Fair comment- the initial thinking was to have both and in fact a hybrid mode too which fuses results so you can get chunks that match both semantically and on keyword search in one resultset. Later could add a reranker too.

alvis

Or another way of thinking. How much is the penalty we are talking about for semantic vs conventional grep?

My thinking is that for large codebase, sorting embedding matches maybe more efficient than reading all files and hence there is no point to put semantic search behind a --semantic flag

ozten

This generalizes to a whole new category of tools: UX which requires more thought and skill, but is way more powerful. Human devs are mostly too lazy to use, but LLMs will put in the work to use them.

Alifatisk

At this point, we aren't even saying it's written in Rust anymore, we just mention it in the title whenever possible.

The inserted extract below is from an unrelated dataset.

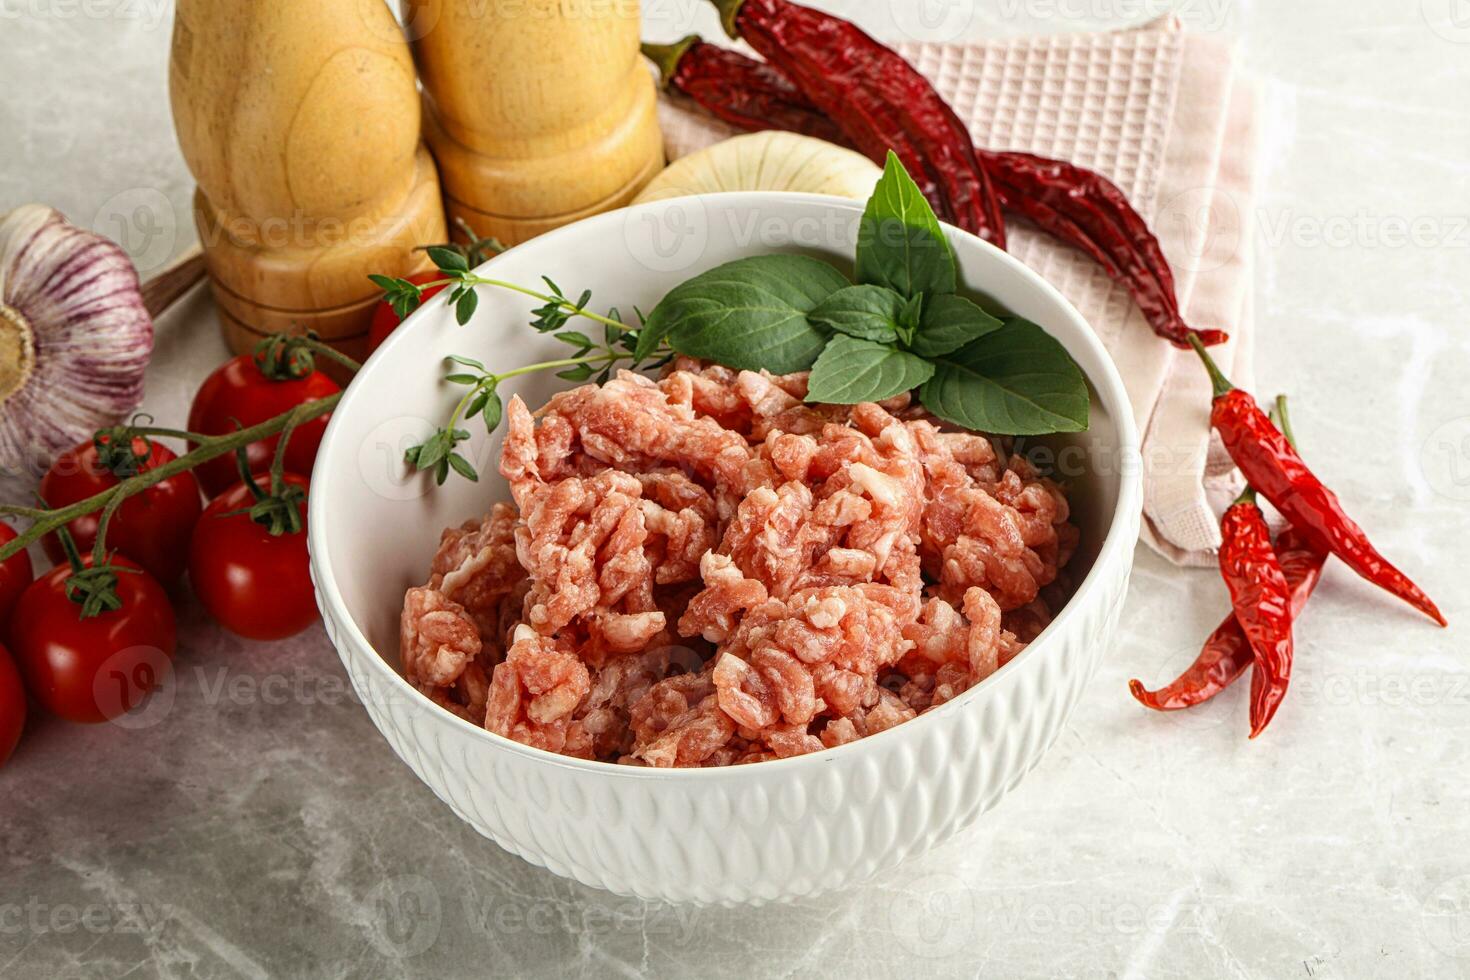 Raw minced pork uncooked meat photo

I did look into the core features and I gotta say, that looked quite cool. It's like Google search, but for the codebase. What does it take to support other languages?

Runonthespot

It supports most languages but needs a bit of tree-sitter setup to do semantic chunking. Let me know what languages you’d like added

t0mas88

Java would be useful as well for larger backend codebases.

Alifatisk

Thanks for your quick response, most large codebases I've been fiddling on is Ruby!

benzible

I'd love to see elixir support.

Bigsy

Clojure would be awesome

dmd

What does this have to do with Claude Code?

Runonthespot

Mainly I wrote it because I noticed Claude's "by design" use of grep meant it couldn't search the code base for things it didn't already know the name of, or find "the auth section". But equally, it's well documented that e.g. Cursor's old RAG technique wasn't that great.

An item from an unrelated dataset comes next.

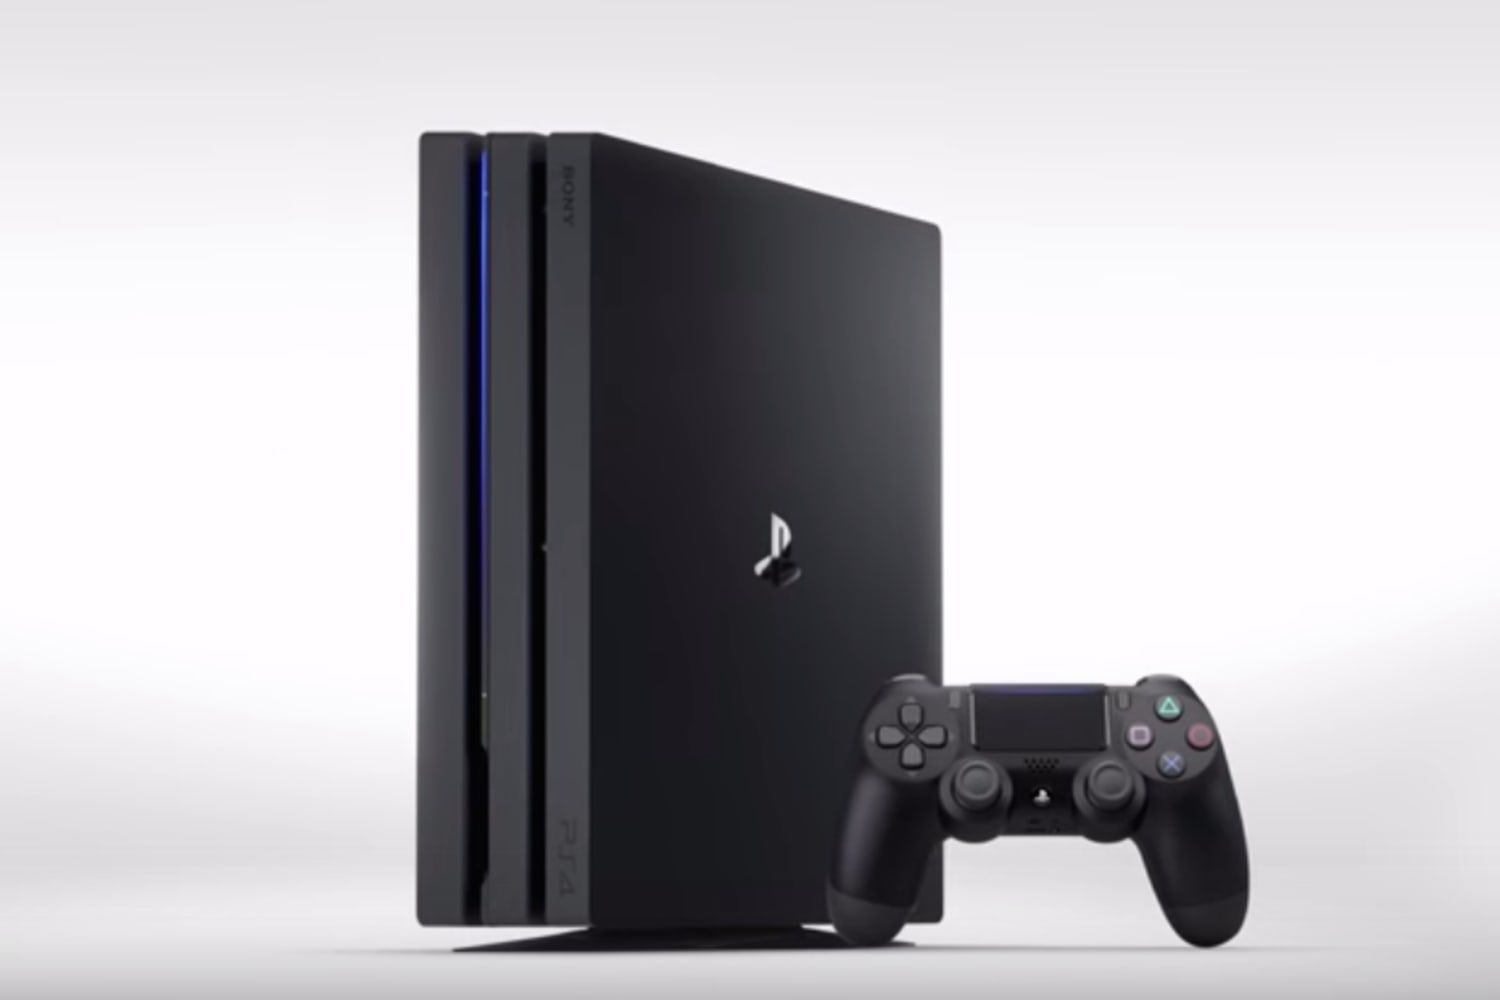 PS4 Pro release date UK and price revealed | Red Bull

My idea was to make a tool that just does a quick and simple embedding on each file, and uses that to provide a semantic alternative that is much closer to grep in nature, but allows an AI tool like Claude Code to run it from the command line - with some parameters.

Arguably could be MCP, but in my experience setting up a server for a basic tool like this is a whole lot of hassle.

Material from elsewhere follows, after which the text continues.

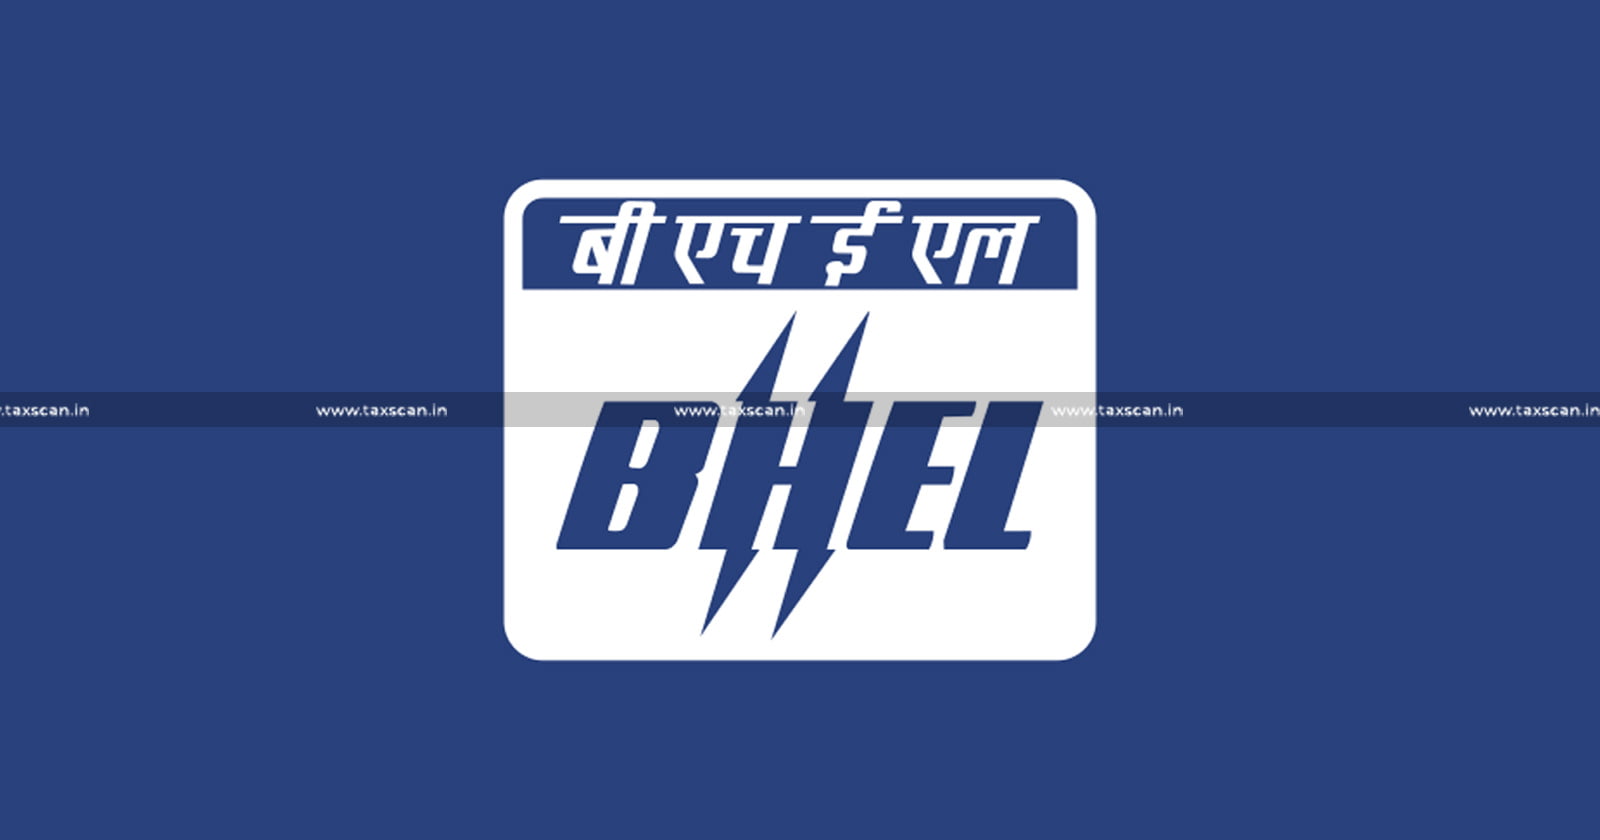 Excise Duty - BHEL - Bharat Heavy Electricals Limited - TAXSCAN

I'm fairly confident that this is a useful tool for CC as it started using it while I was coding it, and even when buggy, was more than willing to work around the issues for the benefit of having semantic search!

furyofantares

CC is so good with grep that I'm half expecting to clutter its context with bad results from semantic search. But also half optimistic at this just improving its search.

If you're getting useful results from hybrid mode that's very interesting to me since well-constructed grep that claude executes don't really look like they'd work great for semantic search to me! But intuition is often wrong on this stuff.

I am very curious your thoughts on speed. I'd rather any tools claude invokes be as fast as possible so it can get feedback immediately and execute again.

alvis

A proper title could be "Semantic grep with completely local embeddings"

Put the title aside, the tool, if it works as described, is pretty insane

skybrian

This looks very useful.

Looks like you have to build an index. When should it be rebuilt? Any support for automatic rebuilds?

Runonthespot

Yes- files are hashed and checked whenever you search so index should always remain up to date. Only changed files are reindexed. You can also inspect the metadata (chunking semantics, embeddings). It’s all in the .ck sidecar

null

[deleted]

ayhanfuat

Isn't Claude Code's selling point that it doesn't use embeddings?

joshuanapoli

I don’t think that “Claude Code” is relevant to this semantic grep tool.

Runonthespot

bear in mind that Claude Code by default uses grep - if you watch you'll see if it's looking for something it doesn't know the name of, it flails around with different patterns. Try this tool, tell CC to take a look using ck --help and take it for a spin.

CC in my case likes it so much, it started using it to debug the repo rather than grep and suggesting its own additions

Runonthespot

Note that it’s grep AND semantic - so Claude can start with a grep strategy and if it finds nothing can switch to semantic, and since it’s local and fast, it keeps in sync easily enough

brookst

How do you tell CC to use it? Just as an entry in Claude.md?